Studio album by William Control
- Released: October 28, 2008
- Recorded: June 2008
- Studio: Sleepy Hollow Studio
- Genre: Darkwave; synthpop;
- Length: 46:34
- Label: Victory
- Producer: William Control

William Control chronology
|  | Hate Culture (2008) | Noir (2010) |

Singles from Hate Culture
- "Beautiful Loser" Released: September 30, 2008;

= Hate Culture =

Hate Culture is the debut studio album by William Control. It was released on October 28, 2008, through independent label Victory Records.

==Recording and composition==
The album was written, produced and engineered by William Control. It was mixed by Justin Armstrong and William Control at Robert Lang Studios in Seattle in July 2008.

The album is a concept album that follows a man named William Control on the last day before he kills himself. Speaking to Kerrang! in 2009, Francis said:That came out of some serious desperation and hopelessness. Being on the road for five years had worn me down. I’d literally been home for three months in those five years and there were internal problems within Aiden that, coupled with some things that were going in my personal life, meant I snapped and had a breakdown. I went home and wrote some songs that didn’t really fit Aiden. We’re a punk rock band who like horror films…and those were more electronic and dark. I showed them to the label and they liked them so I put together William Control as a solo project and that album came together pretty quickly as a therapeutic outlet.

==Release==
The single "Beautiful Loser" was released on iTunes on September 30, 2008. On November 4, a music video directed by Kevin McVey was released.
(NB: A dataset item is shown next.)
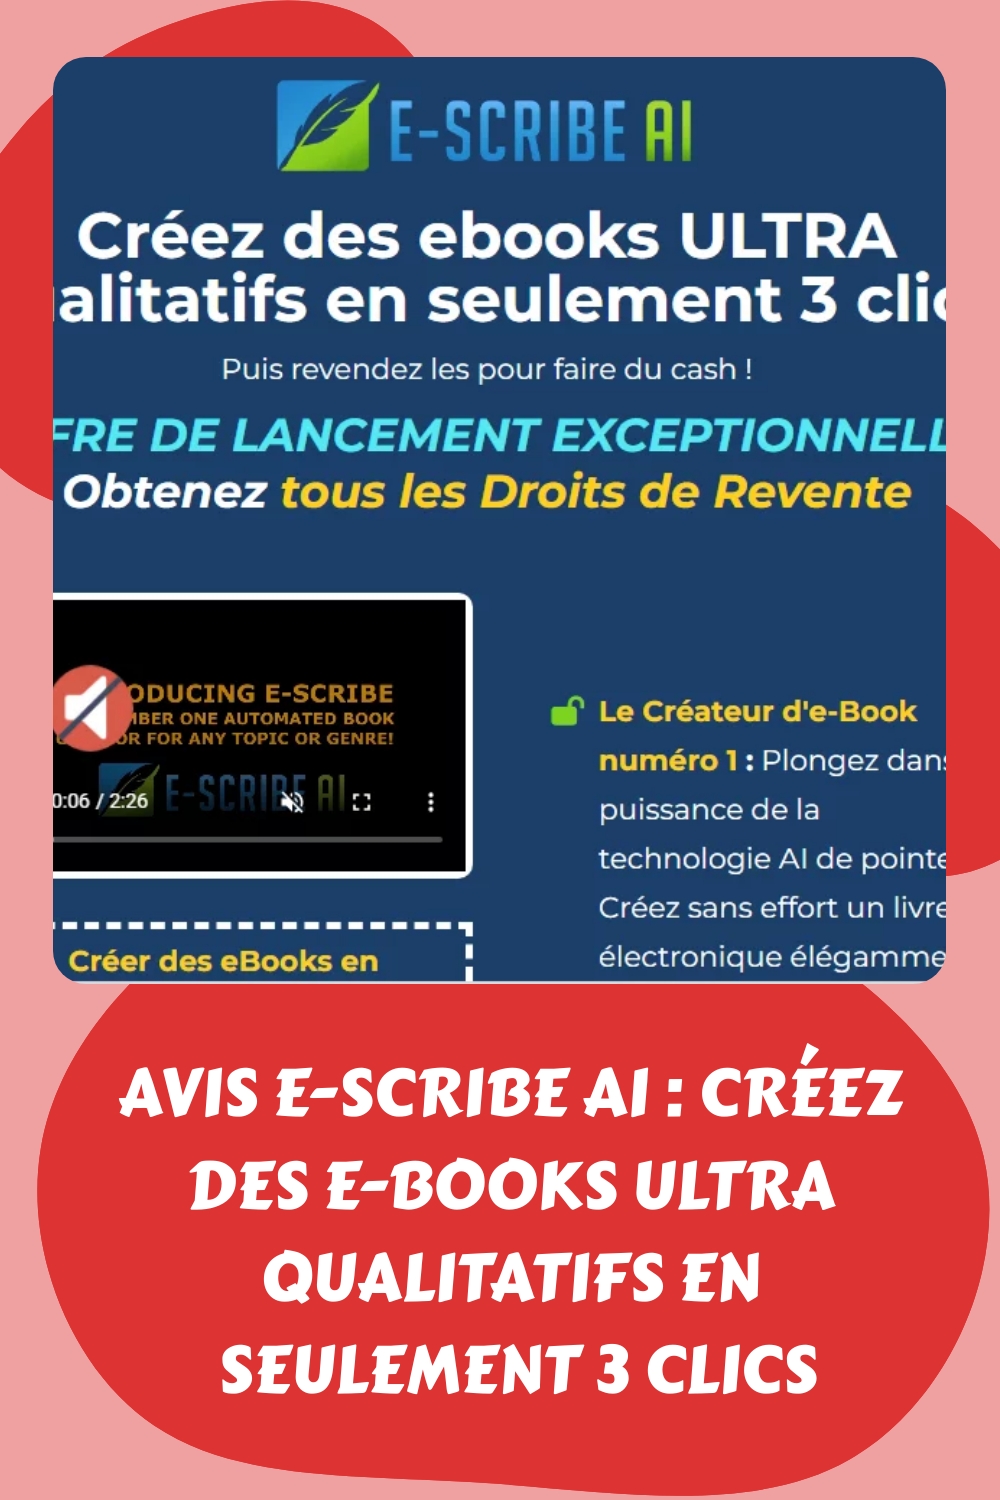 Avis E-SCRIBE AI : Créez des e-books ULTRA qualitatifs en seulement 3 clics

In February and March 2009, the band supported Escape the Fate on their headlining tour in the U.S.

== Track listing ==

- Notes
- Prologue is from the opening monologue The Libertine, by Stephen Jeffreys.
- A track from the album sessions, Deathclub, was remixed by Wes Borland and Renholdër and included on the Underworld: Rise of the Lycans: Original Motion Picture Soundtrack.
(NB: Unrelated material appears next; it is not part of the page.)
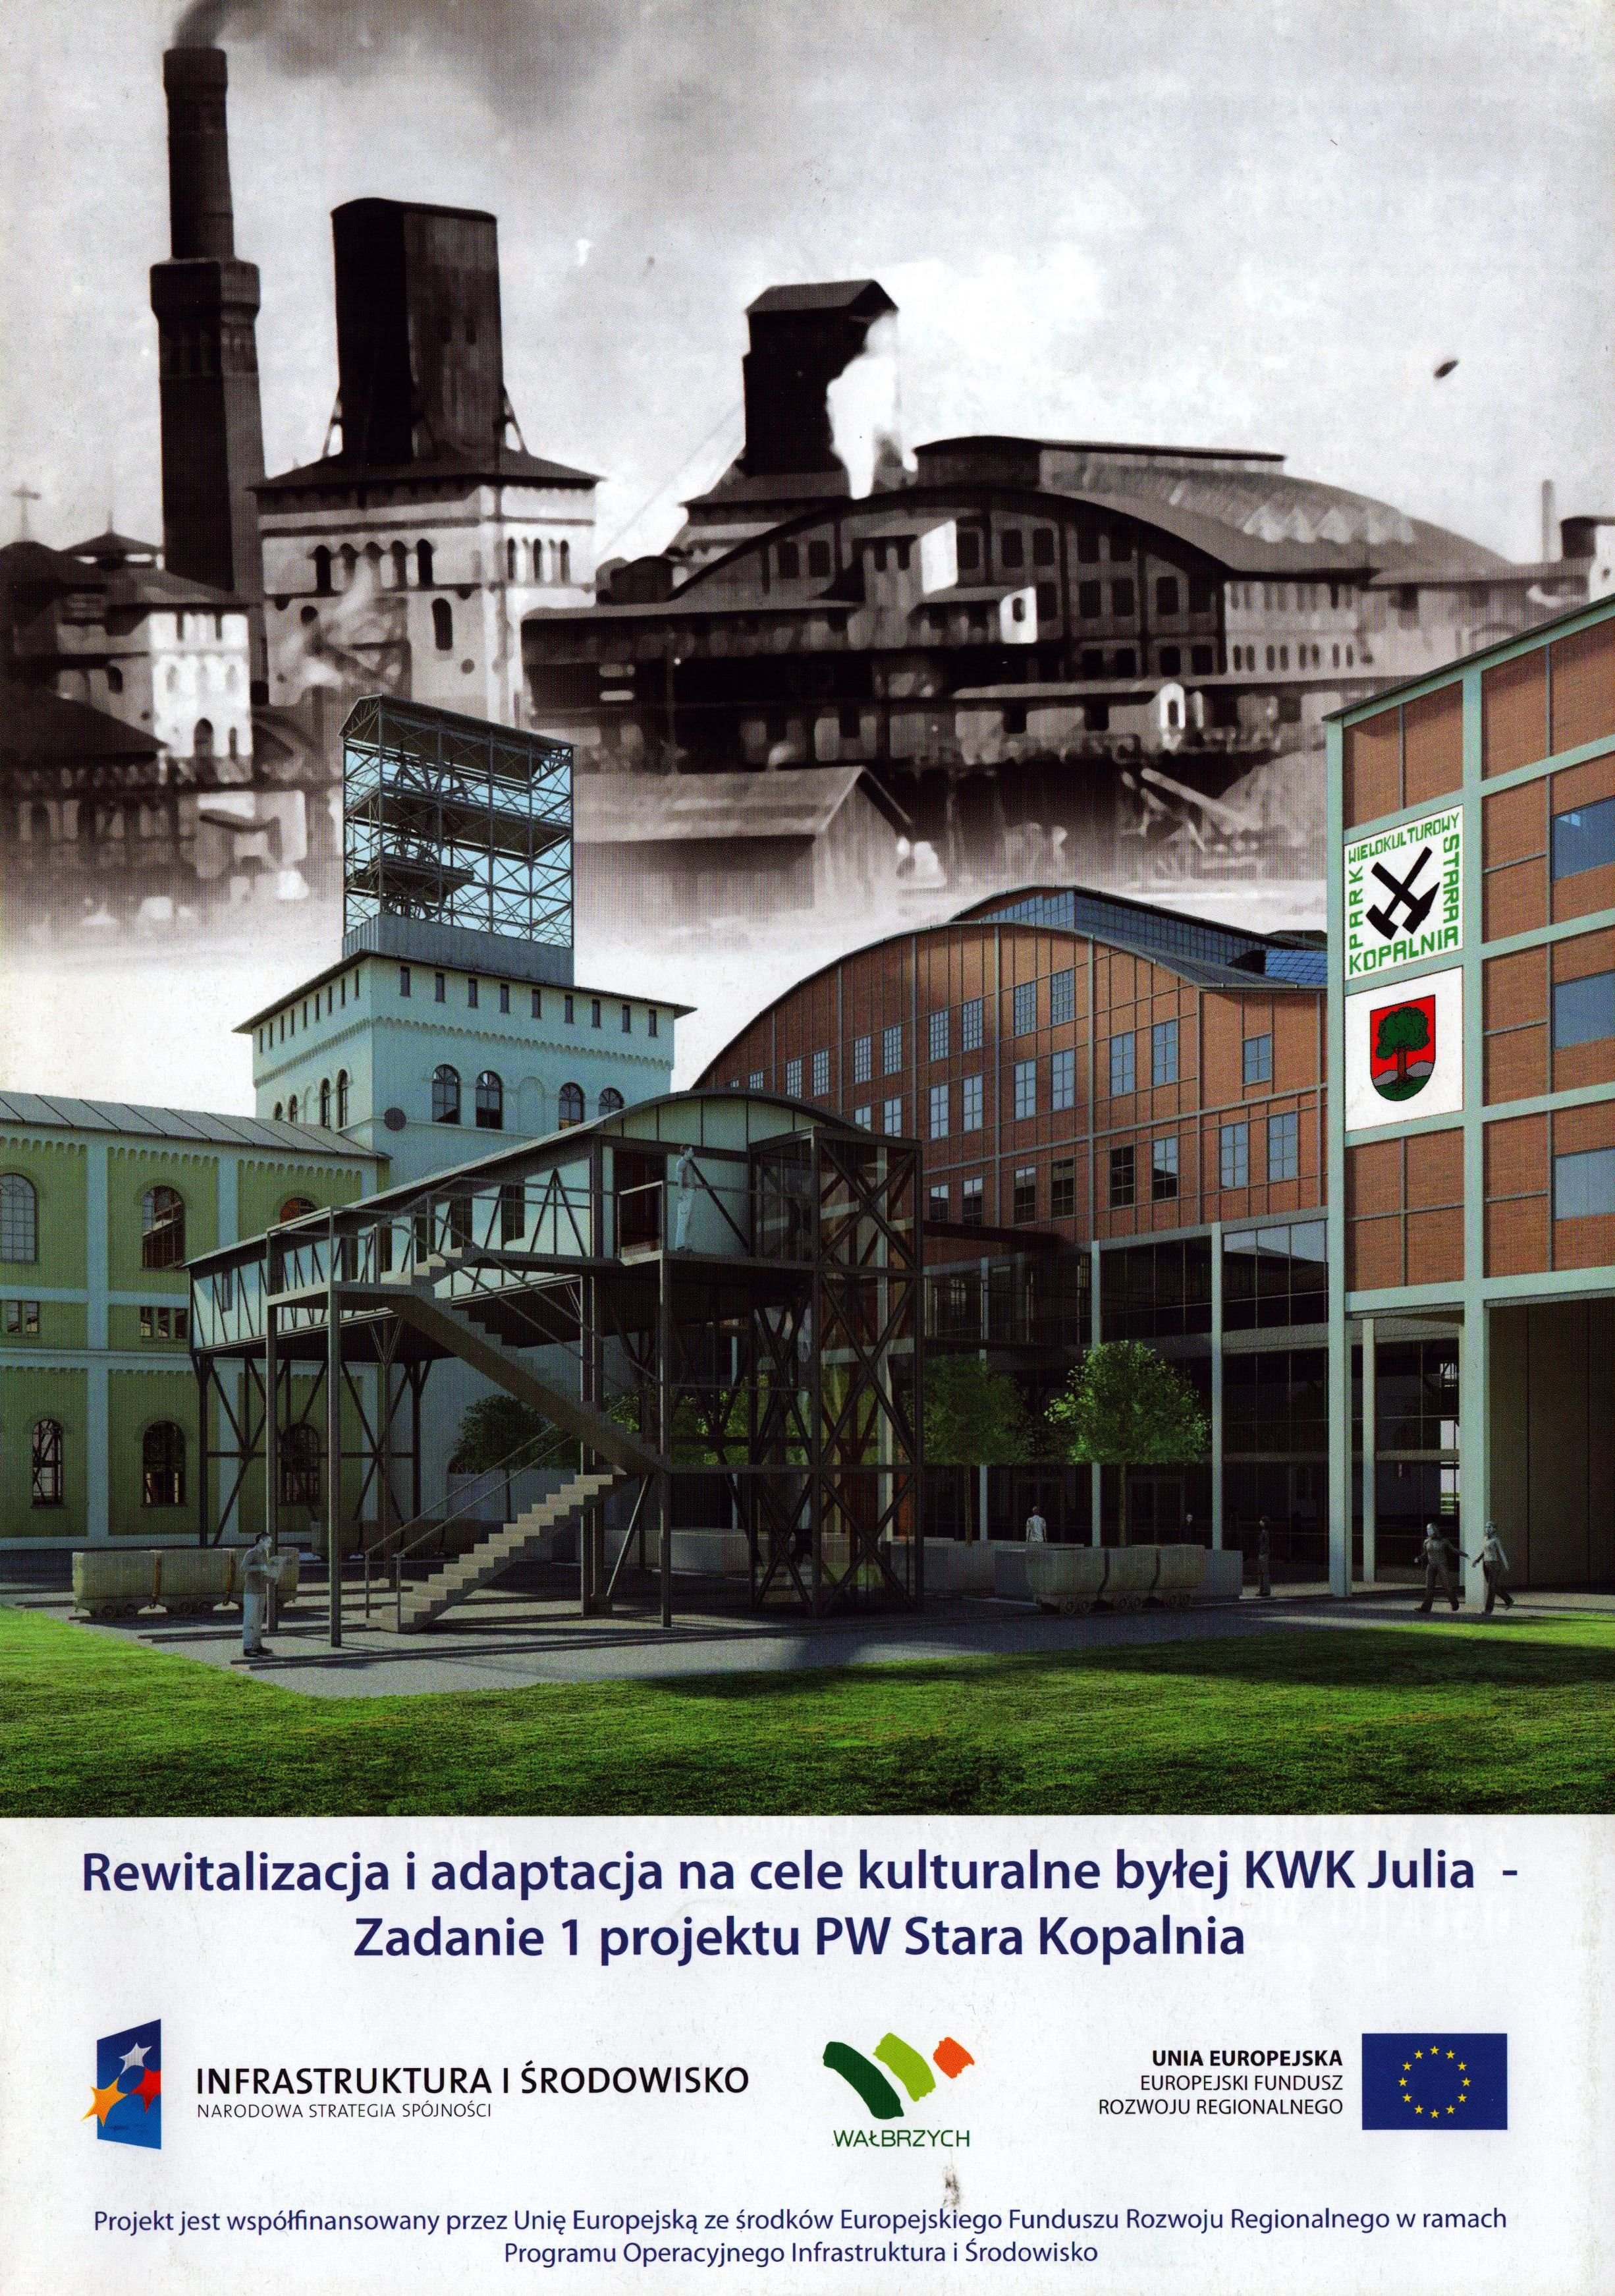 Rewitalizacja i adaptacja na cele kulturalne beylej KWK Julia-Zadanie 1 projektu PW Stara Kopalnia (Archiv SAXONIA-FREIBERG-STIFTUNG CC BY-NC-SA)

| No. | Title | Music | Length |
|---|---|---|---|
| 1. | "Prologue" |  | 2:03 |
| 2. | "Beautiful Loser" |  | 4:35 |
| 3. | "Strangers" |  | 4:03 |
| 4. | "Hate Culture" |  | 4:23 |
| 5. | "Tranquilize" |  | 3:15 |
| 6. | "Razor's Edge" |  | 4:20 |
| 7. | "We Are Already Here" |  | 0:11 |
| 8. | "Cemetery" | William Control and Kenneth Fletcher | 3:42 |
| 9. | "Don't Cry For Me" |  | 2:56 |
| 10. | "Damned" | William Control and Kenneth Fletcher | 3:24 |
| 11. | "The Whipping Haus" |  | 4:43 |
| 12. | "London Town" |  | 4:03 |
| 13. | "Untitled" (hidden after track 12) |  | 1:32 |
| Total length: |  |  | 46:34 |

== Personnel ==
All credits adapted from liner notes.
- Justin Armstrong – mixing
- Brit Asema – additional backing vocals (track: 11)
- Juliana Bricknell – voice (track: 7)
- William Control – producer, engineer, mixing
- DoubleJ – artwork, layout
- Kenneth Fletcher – assistant engineer
- Jake Gravbot – styling
- Lisa Johnson – photography
- Shannie Xavier Yngvason – additional backing vocals (tracks: 5 & 6)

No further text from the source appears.